Synthesis of ((5-(pyridin-1-ium-1-ylmethyl)-1,3-phenylene)bis(methylene))bis(dodecyl(methyl)sulfonium) (7a)

To a stirring solution of 1-(3,5-bis((dodecylthio)methyl)benzyl)pyridin-1-ium (5a, 0.08 mmol) in dry DCM solvent was added AgBF4 (0.08 mmol) and methyl iodide (0.2 mmol), and the resulting mixture was stirred for 5 hours at room temperature. The progress of the reaction was monitored by TLC. After consumption of compound 5a, the solvent was removed under reduced pressure and the resulting mixture was filtered off using a pad of celite to remove silver salt. Then, the crude mixture was washed with ether and CH3CN to afford compound 7a as a brown gummy liquid. Characterization of the compound: brown gummy liquid (yield – 77%); 1H NMR (600 MHz, DMSO-d6) δppm 9.14–9.13 (m, 2H), 8.70–8.67 (m, 1H), 8.24–8.21 (m, 2H), 7.63 (s, 2H), 7.57 (s, 1H), 5.93 (s, 1H), 4.80–4.63 (m, 4H), 2.79 (s, 6H), 1.76–1.63 (m, 4H), 1.34–1.18 (m, 39H), 0.86 (t, 6H); 13C NMR (151 MHz, DMSO-d6) δppm 146.8, 145.5, 136.6, 132.4, 130.9, 128.9, 62.9, 46.1, 44.1, 40.91, 31.7, 29.5, 29.4, 29.2, 29.1, 28.8, 28.2, 23.7, 22.5, 21.9, 14.4; ES-MS (ESI+) m/z: [(M + 3BF4] 609.4756.

Synthesis of ((5-(pyridin-1-ium-1-ylmethyl)-1,3-phenylene)bis(methylene))bis(ethyl(methyl)sulfonium) (7b)

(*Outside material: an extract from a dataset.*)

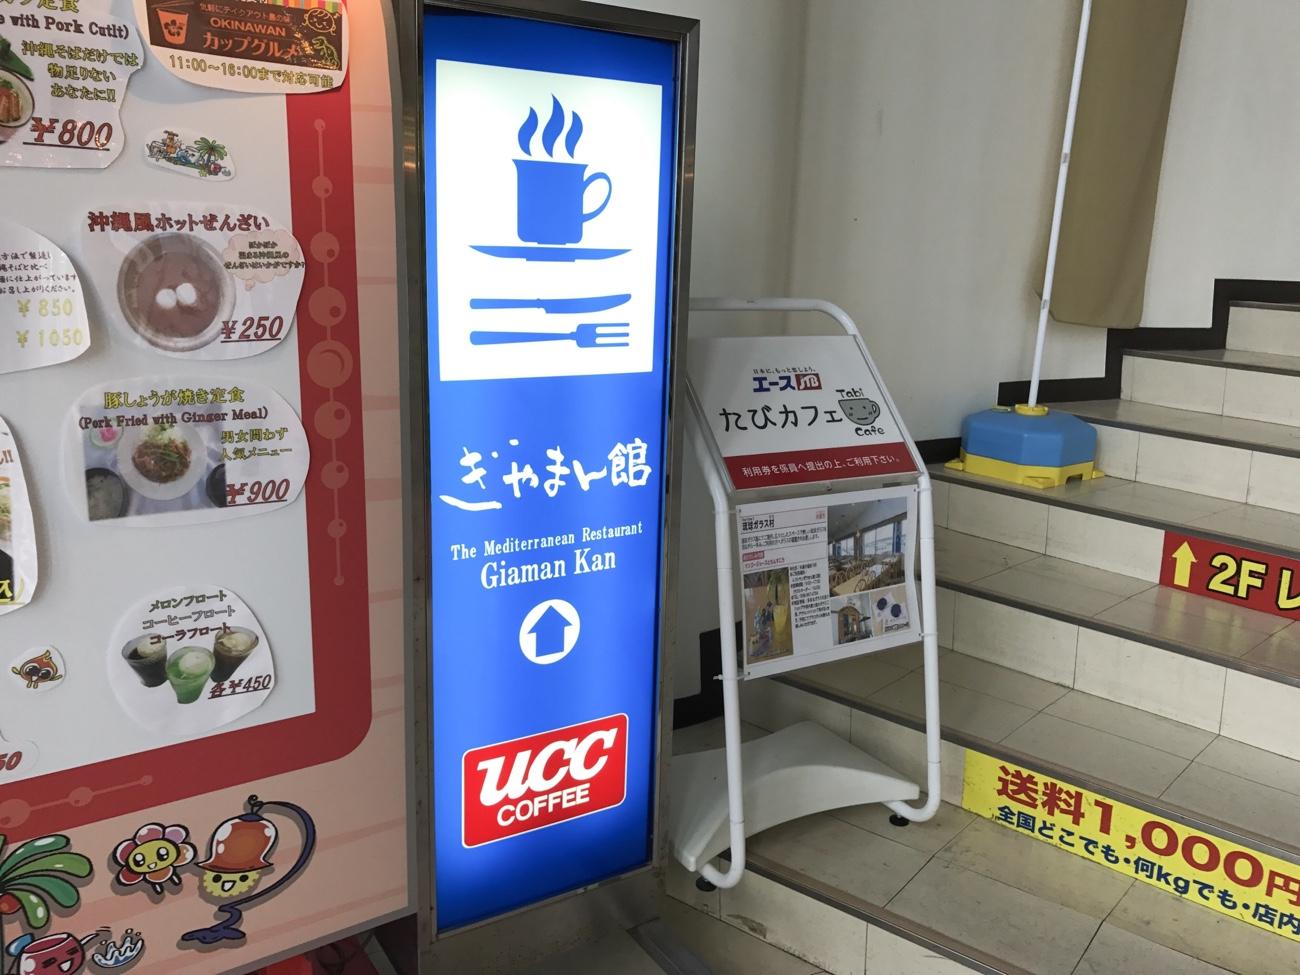 琉球ガラス村 食事 レストランぎやまん館とカフェ
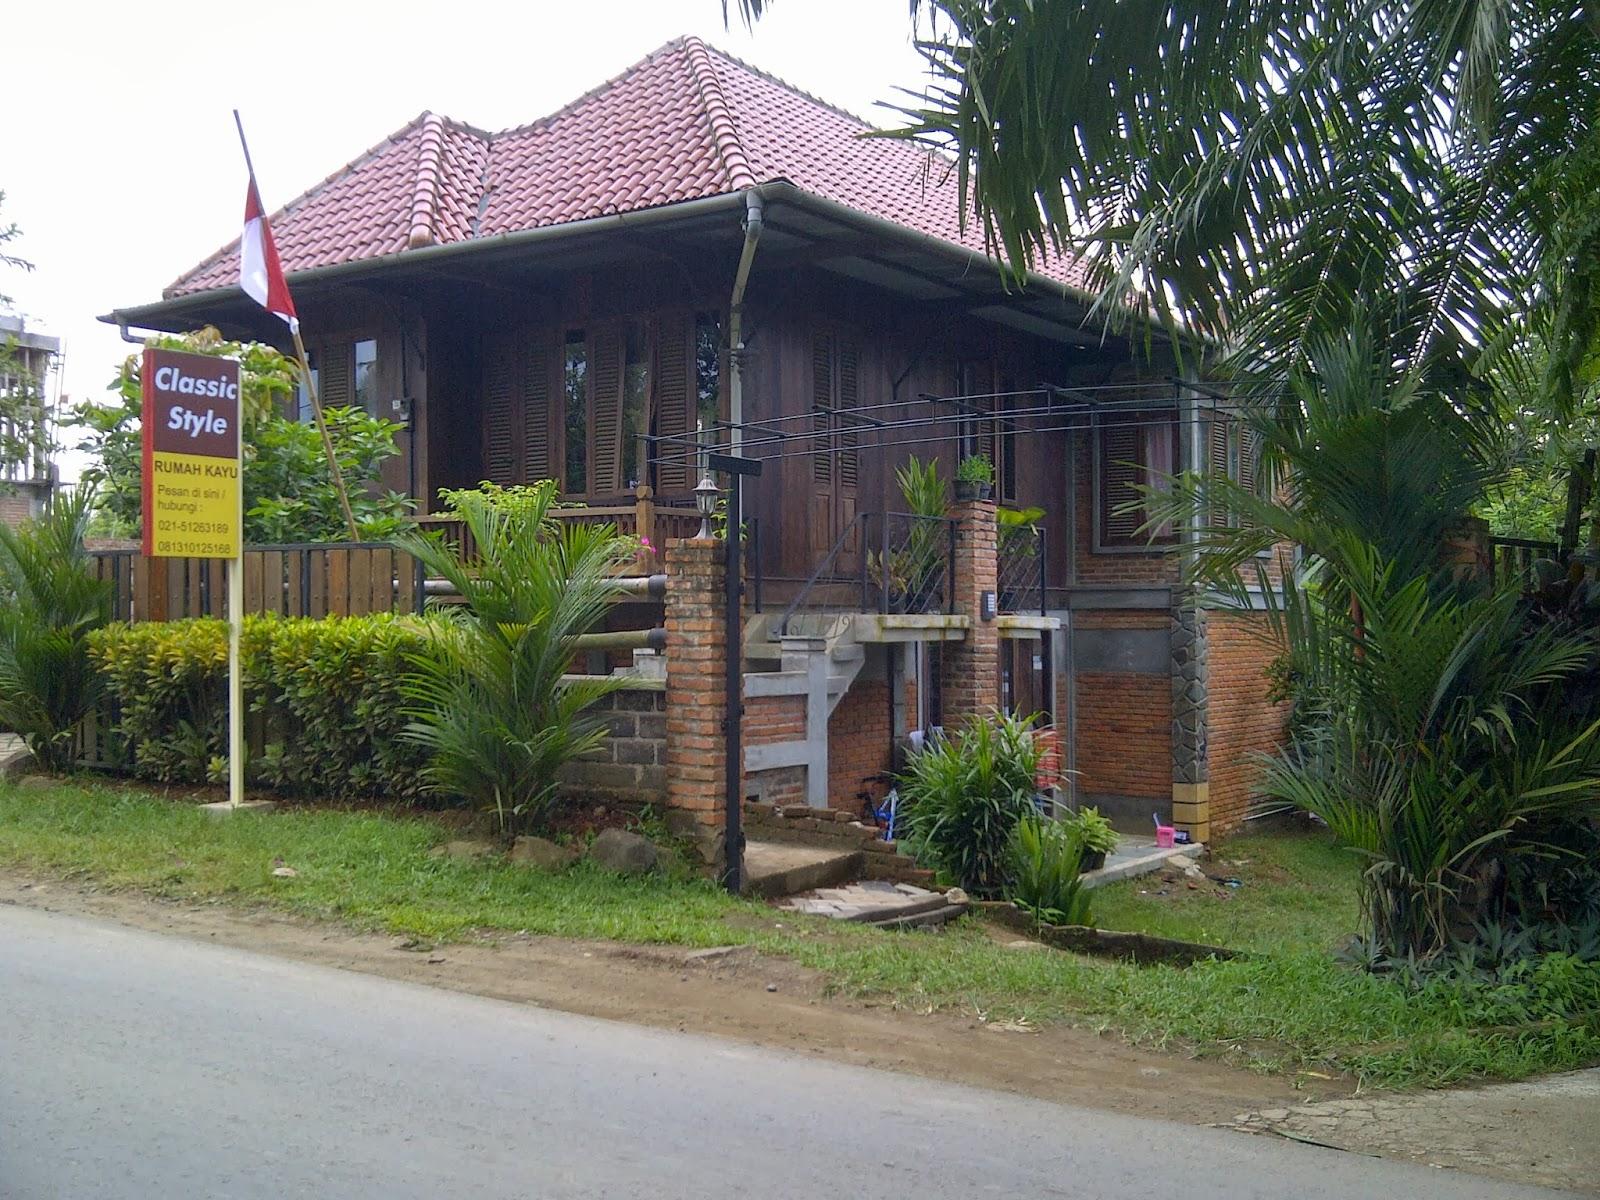 Rumah Kayu Klasik & Rumah Kayu Klasik: Menjual Rumah kayu tradisional

To a stirring solution of 1-(3,5-bis(bromomethyl)benzyl)pyridin-1-ium (3, 0.28 mmol) in CH3CN/H2O (3 : 1 in volume) was slowly added (dropwise) a previously stirring solution of ethanethiol (0.60 mmol) and sodium bicarbonate (0.60 mmol) in CH3CN/H2O (3 : 1 in volume) at room temperature. The resulting reaction mixture was stirred for 36 hours. After that, the solvent was removed under reduced pressure. Then, the reaction mixture was diluted with cold water and ethyl acetate. The organic layer was extracted with EtOAc (3 × 50 mL) and washed with brine, and dried over anhydrous Na2SO4. After that, the solvent was removed under reduced pressure to afford a white solid, which was used for the next reaction without further purification. Then, to the stirring solution of the above white solid 1-(3,5-bis((ethylthio)methyl)benzyl)pyridin-1-ium (0.06 mmol) (5b) in dry DCM was added AgBF4 (0.06 mmol) and methyl iodide (0.16 mmol), and the resulting mixture was stirred for 5 hours at room temperature. TLC monitored the progress of the reaction. After total consumption of the starting compound, the solvent was removed under reduced pressure, and the resulting mixture was filtered off using a pad of celite to remove silver salt. Then, the crude mixture was washed with ether and CH3CN to afford compound 7b as a brown gummy liquid. Characterization of the compound: dark brown gummy liquid (yield – 71%) 1H NMR (600 MHz, DMSO-d6) δppm 9.15–9.08 (m, 2H), 8.69–8.61 (m, 1H), 8.23–8.21 (m, 2H), 7.95 (s, 1H), 7.58 (s, 2H), 5.93 (s, 2H), 4.71–4.62 (m, 4H), 2.89 (m, 2H), 2.77 (s, 6H), 2.73 (s, 2H), 1.33 (t, 3H); 13C NMR (151 MHz, DMSO-d6) δppm 162.8, 146.8, 145.5, 136.6, 133.8, 132.2, 130.9, 128.9, 66.1, 62.9, 59.3, 43.4, 35.5, 31.2, 21.2, 11.25, 8.84; ES-MS (ESI+) m/z: [(M + 3BF4] 889.525.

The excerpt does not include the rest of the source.